Les 246 000 km² du territoire guinéen font aujourd’hui l’objet d’une intense activité d’exploration au rythme de l’entrée en service de nouveaux permis miniers et de l’extension des exploitations historiques. Rappelons qu’en 2016, le gouvernement guinéen avait attribué jusqu’à 144 nouveaux titres pour diverses substances minières. En ce qui concerne la bauxite par exemple, la production qui s’établissait en 2015 à 18,1 Mt lorsque la Guinée était sixième producteur mondial va plus que tripler en cinq ans si le gouvernement atteint l’objectif qu’il vise pour 2020 de 60 Mt. La Guinée ambitionne ainsi de devenir le challenger de la Chine (65 Mt), deuxième producteur derrière l’Australie (82 Mt).
Une telle frénésie minière rencontre de sérieux défis en matière foncière. La problématique foncière, majeure en Afrique, a d’ailleurs fait l’objet d’une journée internationale d’études à l’Université Général Lansana Conté de Sonfonia-Conakry le 4 juin 2018. Organisée par la Chaire Unesco de l’Université Paris 1 Panthéon-Sorbonne, la journée a rassemblé une quarantaine de chercheurs (juristes, sociologues, anthropologues, économistes et géographes) et de praticiens du développement d’une quinzaine de pays, ainsi que plusieurs centaines d’étudiants. Le thème général était « Problématique foncière et perspectives de développement durable, quels défis pour l’Afrique ». Les cas analysés sur une dizaine de pays d’Afrique du centre, du nord et de l’ouest au cours de cette journée ont mis en exergue l’épineuse question de la cohabitation du droit civil et du droit coutumier dans des contextes où les droits coutumiers se fragilisent alors que seulement une minorité de terres sont immatriculées (à peine 5% du territoire au Cameroun). Les accaparements de terres par les élites et les investisseurs étrangers sont observés et, même lorsqu’il y a des compensations, les populations demeurent sujettes à la confiscation de leurs droits, c’est-à-dire à la prédation.
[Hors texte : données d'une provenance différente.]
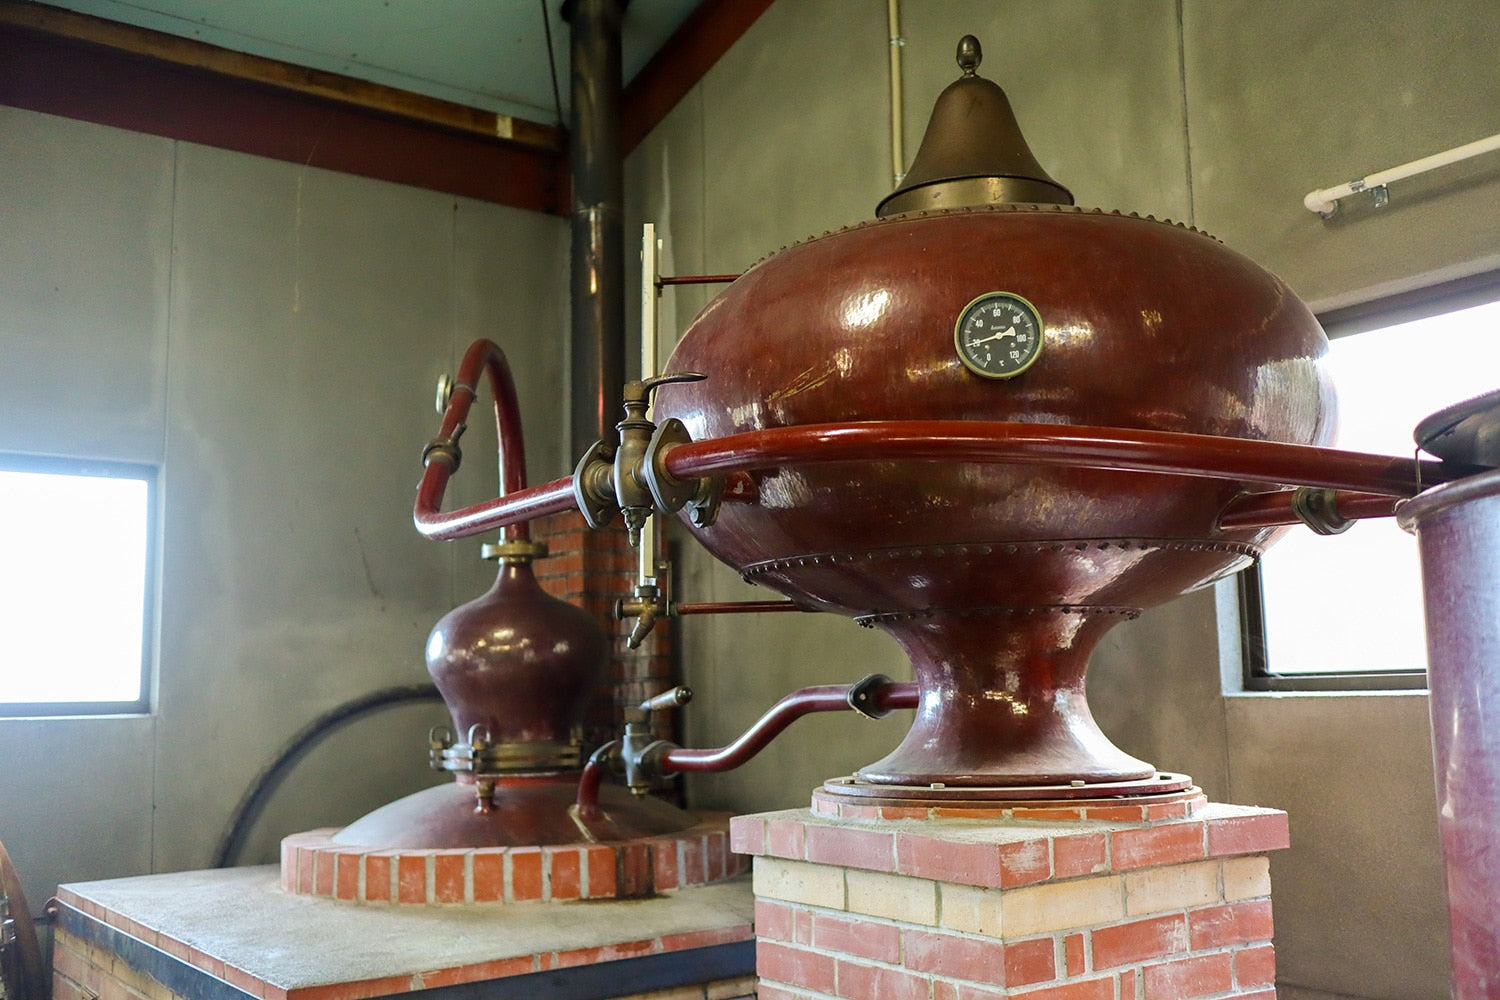 マール・ド・キザンの生産のための蒸留器。機山洋酒では、搾りかすに水分と糖を加え、それを蒸留することで製造している。

Dans le cas de la Guinée, il apparait que, sur le plan institutionnel, ministères et collectivités décentralisées se disputent les responsabilités dans la gouvernance foncière. Le code foncier et domanial élaboré en 1992 a été complété d’un code de l’urbanisme en 1998 (accompagné de schémas directeurs d’aménagement et d’urbanisme pour plusieurs villes et communes rurales), puis d’un code des collectivités locales en 2006. Plus récemment en 2012, une Politique Nationale de l’Habitat – Vision 2021 a été adoptée. Toutefois, la mise en œuvre de ces textes n’a pas été à la hauteur des enjeux ; nombre d’observateurs évoquent un défaut de vulgarisation des réformes successives et surtout un climat général d’impunité. A noter que l’Etat de droit est justement l’indicateur sur lequel la Guinée enregistre la plus mauvaise performance dans l’indice de gouvernance des ressources, qui révèle pourtant que ce pays est exemplaire en ce qui concerne l’existence de règles de compensation des victimes d’expropriations foncières dans le cadre de projets miniers. Dans les faits en effet, chaque acteur, national ou local, public et même privé, revendique sa légitimité dans la gestion de la ressource foncière, et en conséquence, le territoire guinéen est exposé à des occupations anarchiques, au gaspillage des ressources foncières, à la dégradation de l’environnement, et à des tensions sociales récurrentes.
Depuis 2013, se tiennent des états généraux du foncier, sous la houlette du Ministère de la ville et de l’aménagement du territoire, mais elles ont été profondément perturbées par l’épidémie Ebola. L’Union européenne a soutenu la démarche en finançant jusqu’en 2015 un processus d’évaluation globale de la gouvernance foncière. L’Agence française de développement a, quant à elle, apporté un appui à l’identification des enjeux spécifiques du foncier rural avec le Ministère de l’agriculture. Si la phase de clôture de ces travaux prévue en 2018 prend du temps, officiellement faute de budget, l’ambition du gouvernement guinéen demeure de parvenir d’ici 2019 à une réforme complète de la gouvernance foncière, afin de rassurer les investisseurs, et de désamorcer les tensions sociales, à un an de l’élection présidentielle.
Hervé Lado est responsable pays pour le Natural Resource Governance Institute en Guinée.